I could not help but chuckle darkly. Shaking my head, I clenched his collar tightly.

"Not as long as I have."

Anthony scowled at me, pulling himself from me. For a moment, he stared, and then with a fury hit the side of his cell with a clenched fist. I heard no wince of pain from the blow, and nor did I see his countenance change from the pure anger he held for me.

"Then if I should admit you've held these dreams for any time longer than I have, when must this become any more than a defeat for me? You may take her, sir, but you shall never require that love which I have found in Johanna."

His words were rushed, barely any sense, but I understood them well. I gripped the bars of the cell wall, gritting my teeth.

"You think too little of me. I have no lustful thoughts for her. How may I do so? She is my daughter, nothing more and nothing less. The very idea…I simply could not fathom it. I have bought my ticket to Hell, and need no such thoughts as those to gain my entrance any quicker."

Anthony seemed almost to snarl after I had finished, and started to pace his cell.

"I have little left to drive me to death. I do not need you here to complete it."

"You wouldn't possibly be able to tell how much fun it is," I said quietly.

Before Anthony could even turn to face me, I was gone.

I had taken my vendetta. Or, at least, the most that I should require for a life time. It was enough this boy should leave for prison. Never had I before pitied a prisoner, but if I had been Benjamin Barker, I should have wept for Anthony.

When I got back to the deck of the ship, I looked across to see everything as I had left it. Johanna still sat by the sidelines, rocking gently. Her eyes did not stir as I moved towards her.

"Johanna," I said gently. "I'm back."

She still did not move, but a single lock of hair slipped from behind her ear in front of her eyes.

All of a sudden, her eyes flashed at me.

"Papa?"

For a moment, I froze.
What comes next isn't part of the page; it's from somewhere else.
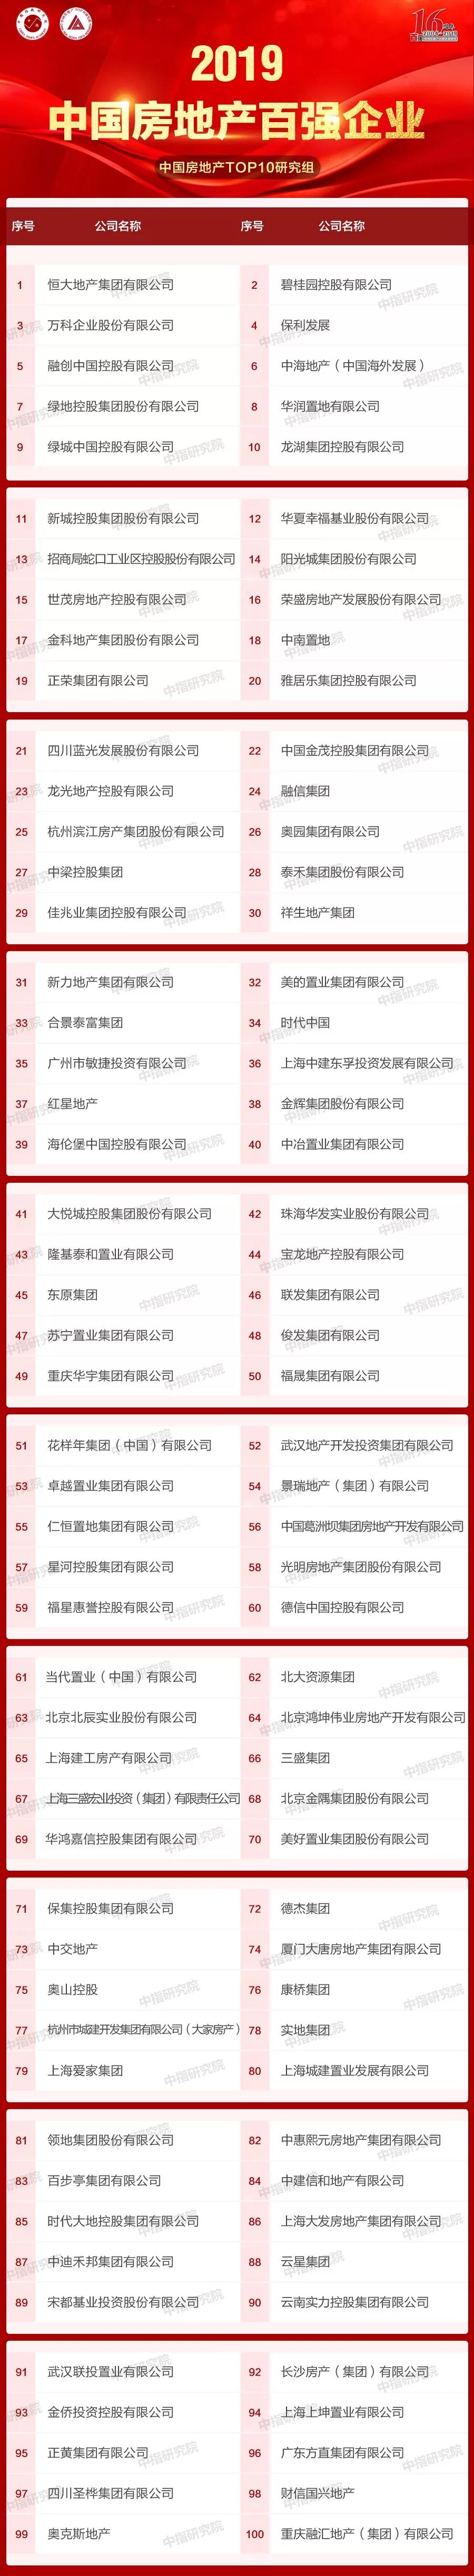 2019中国房企百强排行名单出炉

In that word, fifteen years had all of a sudden disappeared.

"Johanna?"

"I don't like this, Papa," she said with tears down her cheeks, flinging her arms around my neck. "Please, Papa, I don't like it!"

I was silent. What was there for me to say? Johanna sobbed silently into my chest, shaking uncontrollably. Slowly, my arms wrapped around her, savouring it. With a sigh, I patted her back gently, as if she were a baby to be nursed. A child, even. My child.

"It's fine, Johanna," I murmured. "Don't worry, it's fine."

All that I could hear was a faint sobbing emitting from her. I hushed her, attempting to soothe her. My struggles were not rewarded full and well, but I could not have been happier.